Adopted September 27, 2016

ARTICLE I

Name, Location, and Mission Statement

Section 1. Name and Location. The official name of the corporation is Arkansas/Illinois/Missouri for Wilderness Stewardship, Inc., to be commonly known as AIM for Wilderness Stewardship and is hereinafter referred to as the “Corporation”. It is incorporated in the State of Missouri. The principal office of the Corporation shall be 811 Ann Street, Festus MO 63028, but meetings of Directors may be held at such places within the States of Arkansas, Illinois or Missouri, as may be designated by the Board of Directors. The location of the principal office may be changed at any regular or special meeting of the Board by a two-thirds majority vote of those Directors present, provided that proper advance notification is given that this will be on the agenda.

Section 2. Mission Statement. The mission of AIM for Wilderness Stewardship is to assist federal land agencies in Arkansas, Illinois and Missouri in managing and protecting present and potential Wilderness Areas under their jurisdictions. To achieve this mission, AIM for Wilderness Stewardship mobilizes human, financial and in-kind resources from diverse communities throughout the tristate area and beyond, and then directs their application to the needs of wilderness as mutually agreed upon with the land agencies.

ARTICLE II

Definitions

Section 1. “Corporation” shall mean and refer to Arkansas/Illinois/Missouri for Wilderness Stewardship, Inc., its successors and assigns.

Section 2. The term “Wilderness Areas” as used by the Corporation will be meant to include Wilderness Study Areas, and other roadless areas and similar wildlands that are of such character that they might be officially designated as Wilderness Areas at some time in the future by the Congress of the United States.

ARTICLE III

Members

There shall be no members of AIM for Wilderness Stewardship.

ARTICLE IV

Board of Directors; Election and Term of Office

Section 1. Number of Directors. The affairs of this Corporation shall be managed by a Board of a minimum of six (6) and a maximum of fifteen (15) Directors. There shall be at least two directors from each of the three states the Corporation serves. The number of Directors may be further increased by approval of a motion to do so by a two-thirds majority vote of the total number of Directors.
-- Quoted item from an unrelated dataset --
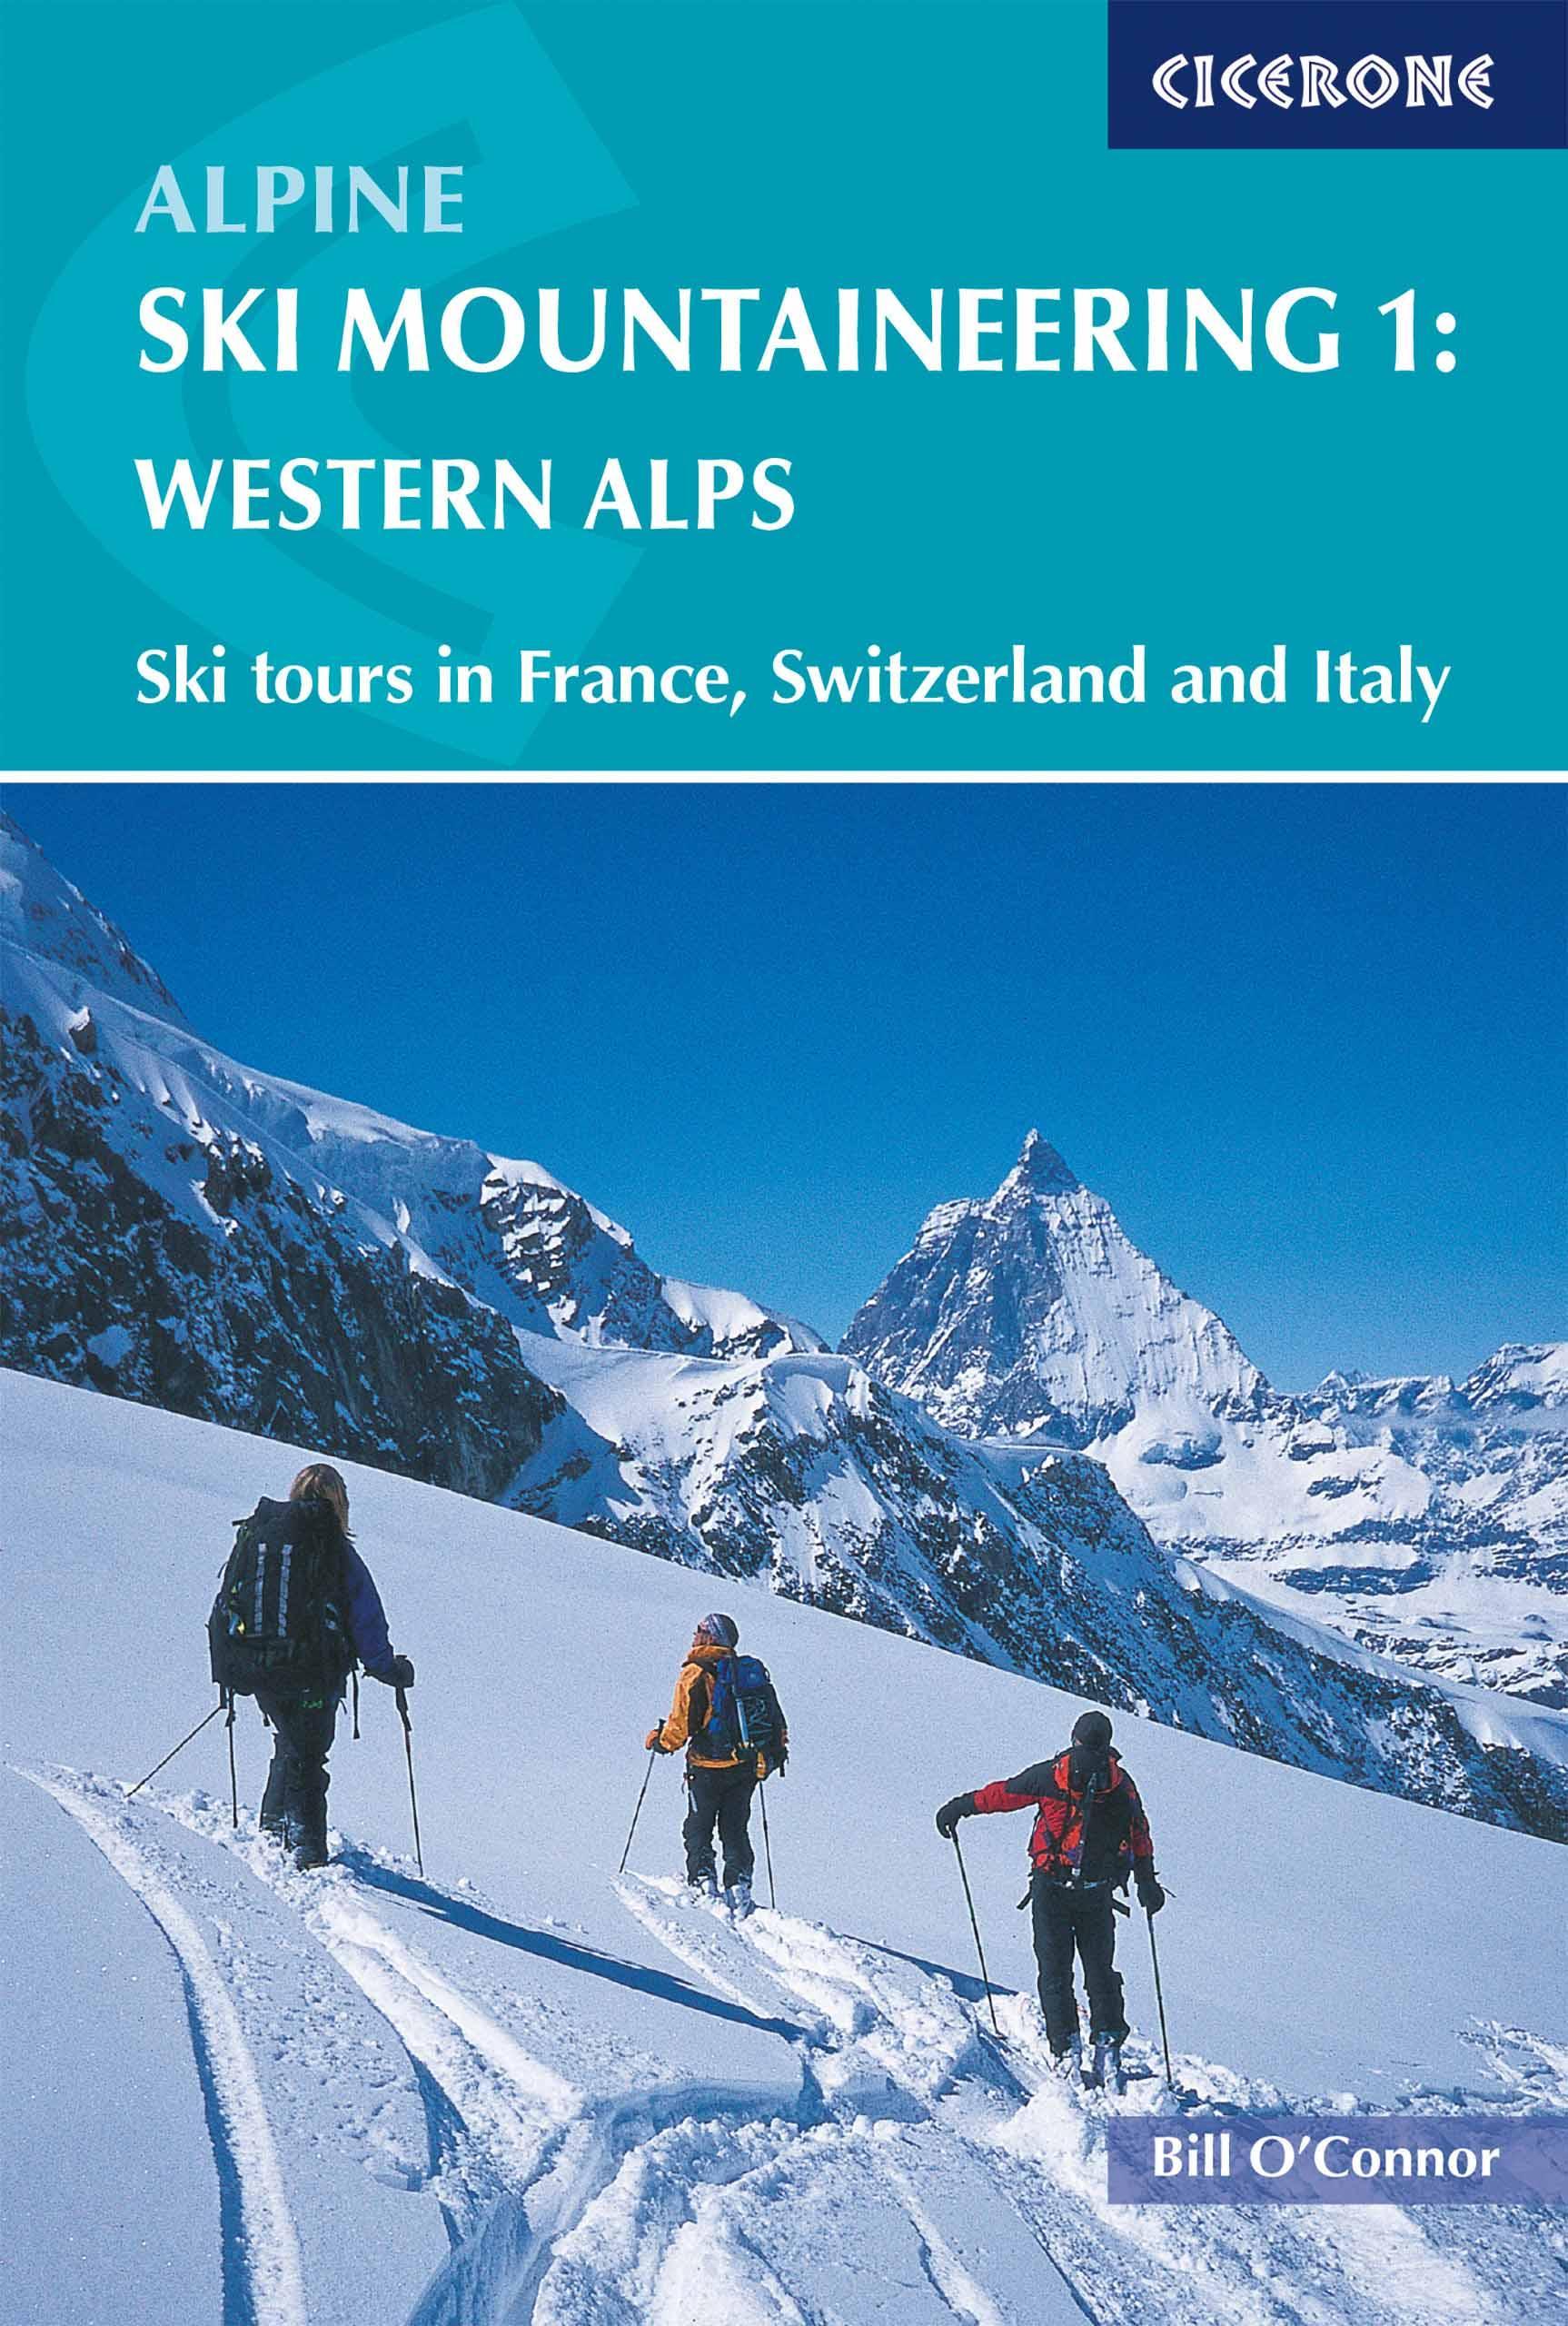 Alpine Ski Mountaineering Vol 1 - Western Alps - Bill O'Connor

Section 2. Nomination. Nominations to the Board of Directors may come from any quarter, including by self-nomination. Nominees must be in agreement to serve before being nominated.

Section 3. Election and Term of Office. The first Directors shall be elected by a majority of the members of the Steering Committee formed to create the Corporation. For the first class of Directors, the initial terms of each Director on the Board, as determined by the Steering Committee, shall be for one (1), two (2), or three (3) years. Thereafter, the full term of office for a director shall be three years. The Board of Directors will elect its membership by simple majority vote at its annual meeting in the last quarter of the calendar year. Board members will take office immediately upon being elected. To the extent practicable, taking into account increases or decreases in the number of Directors constituting the Board of Directors, one-third (1/3) of the Board of Directors shall be elected each year, the Directors so elected filling the place of retiring Directors. In the event of a change in the number of Directors, the resolution effectuating such change shall specify the years in which the terms of the directorships thereby created shall first expire. Vacancies occurring in the Board of Directors, including vacancies due to an increase in the number of Directors, may be filled by the Directors then in office. Any Director may succeed himself or herself indefinitely.
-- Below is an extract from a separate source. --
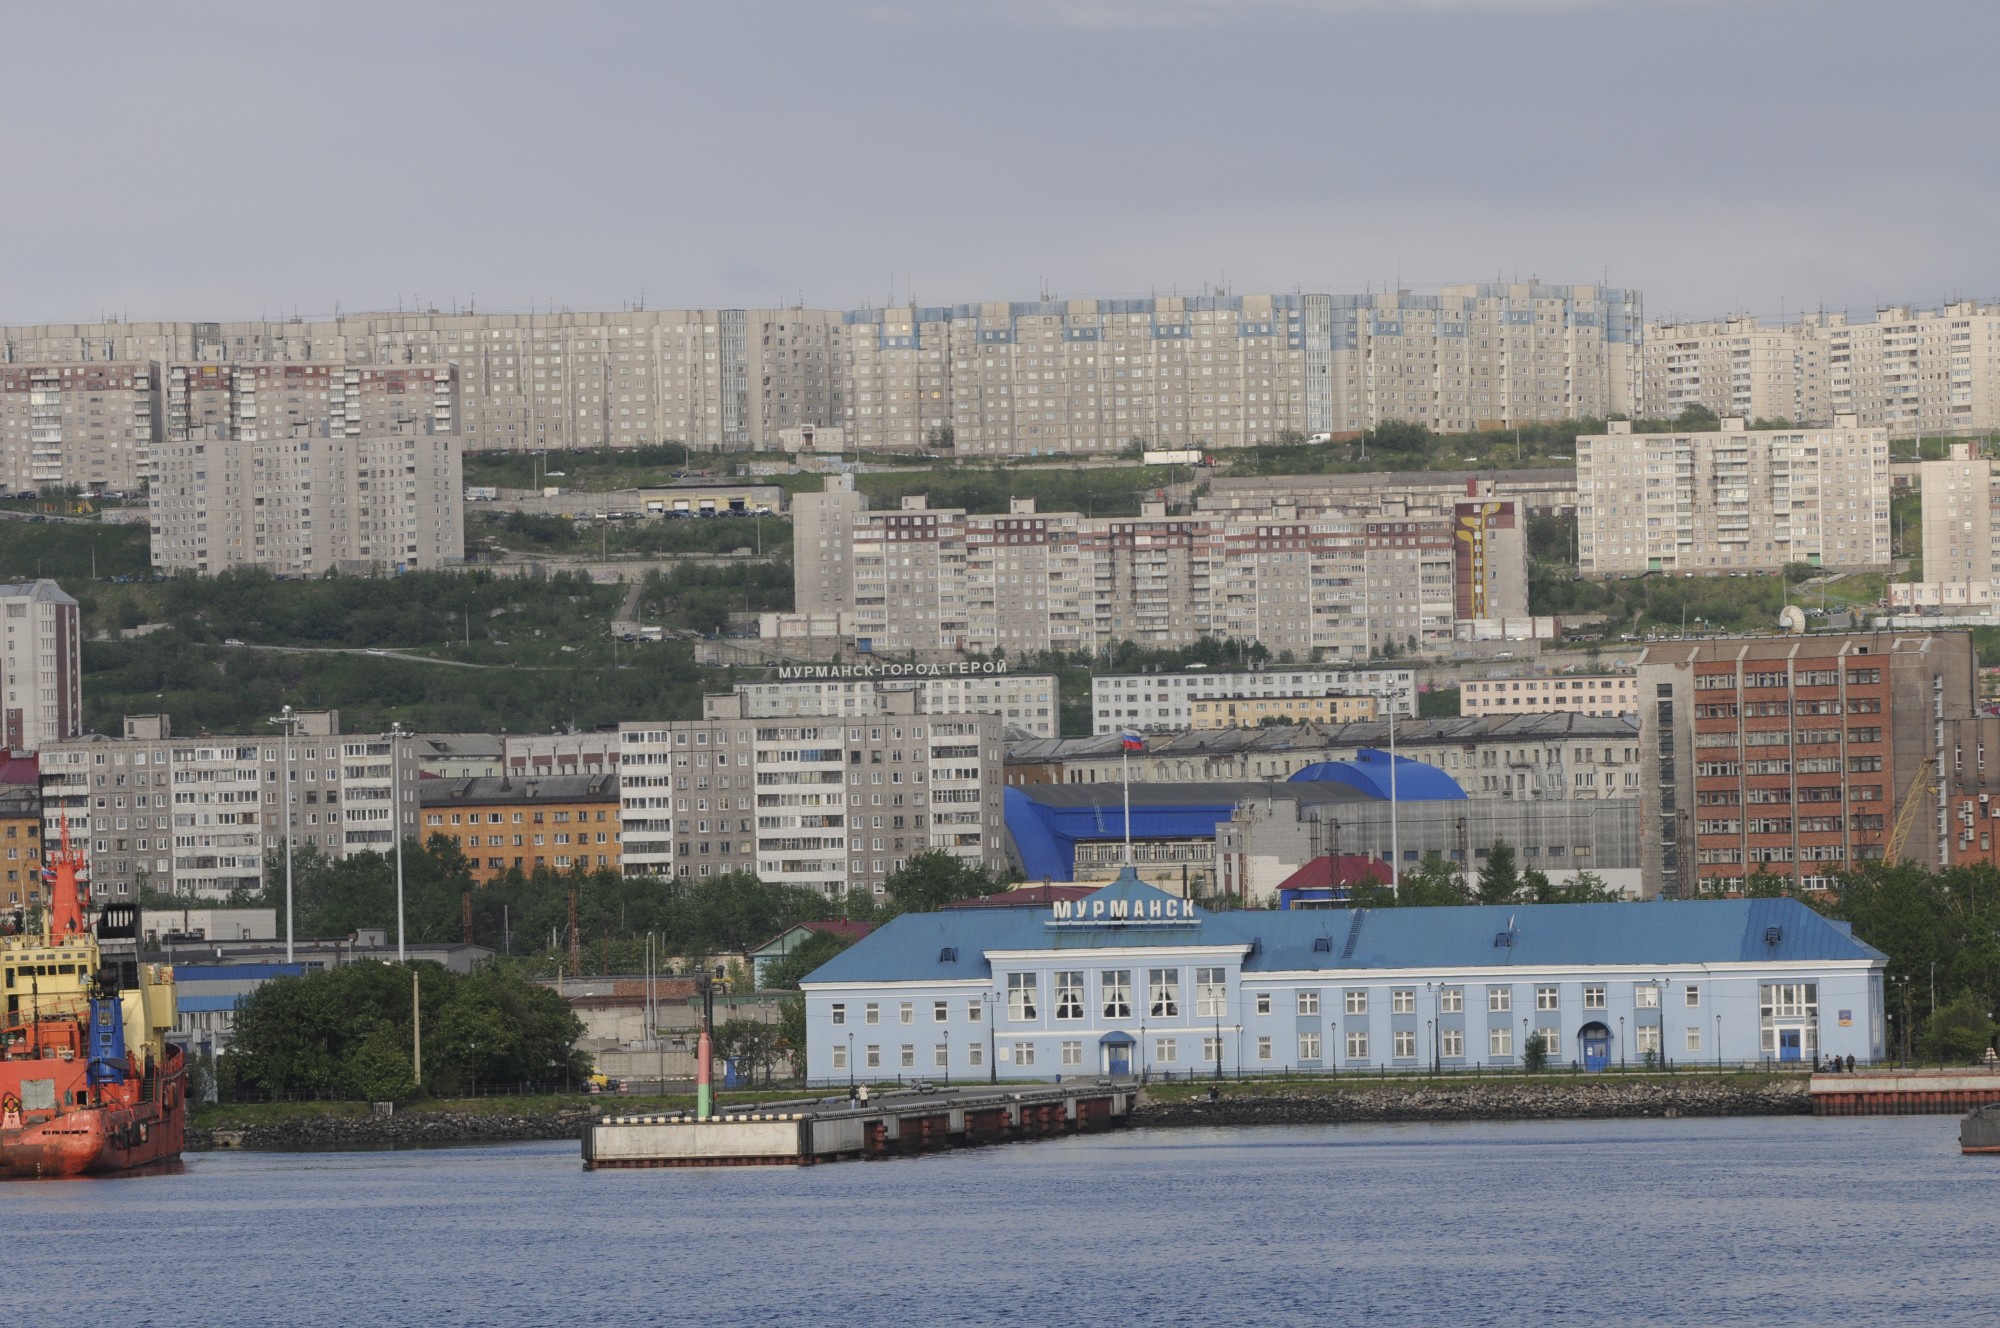 Murmansk passenger port. (Thomas Nilsen / The Independent Barents Observer)

Section 4. Removal. Any Director may be removed from the Board, with or without cause, if two-thirds of the total number of Directors vote for such person’s removal. In the event of death, resignation, or removal of a Director, the successor may be elected at any time by the remaining members of the Board to serve the unexpired term of the predecessor.

Section 5. Resignation. Any Director may resign from the Board at any time by giving written notice to the Chair of the Board. The successor may be elected by the remaining members of the Board to serve the unexpired term of the predecessor.
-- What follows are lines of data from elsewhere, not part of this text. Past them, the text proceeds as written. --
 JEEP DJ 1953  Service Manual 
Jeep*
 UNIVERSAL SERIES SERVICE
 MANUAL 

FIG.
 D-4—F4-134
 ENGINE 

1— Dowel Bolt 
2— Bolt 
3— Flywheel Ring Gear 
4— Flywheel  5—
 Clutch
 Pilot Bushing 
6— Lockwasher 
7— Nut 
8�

Section 6. Staff Members. No employee of AIM for Wilderness Stewardship shall be a member of the Board of Directors. If, under special circumstances, a Director should become a member of the staff, the Director must resign from the Board of Directors.

ARTICLE V

Meetings of Directors

Section 1. Regular Meetings. Regular meetings of the Board of Directors shall be held at regular intervals throughout the year. The date, hour and place for each regular meeting will be set by Board consensus.

Section 2. Notice. Notice of any annual, regular or special meeting shall be given at least ten (10) days previous thereto by written notice delivered either personally, by email, facsimile, or other form of wire or wireless communication, or by mail to each director at his or her business or home address. Written notice shall be deemed effective at the earliest of the following: (i) When received; (ii) five days after its deposit in the United States mail, as evidenced by the postmark, if mailed correctly and with first class postage affixed; or (iii) on the date shown on the return receipt, if sent by registered or certified mail, return receipt requested, and the receipt is signed by or on behalf of the addressee. Any director may waive notice of any meeting. The attendance of a director at any meeting shall constitute a waiver of notice of such meeting, except where a director attends a meeting for the express purpose of objecting to the transaction of any business because the meeting is not lawfully called or convened. Neither the business to be transacted at, nor the purpose of, any regular or special meeting of the Board of Directors need be specified in the notice or waiver of notice of such meeting.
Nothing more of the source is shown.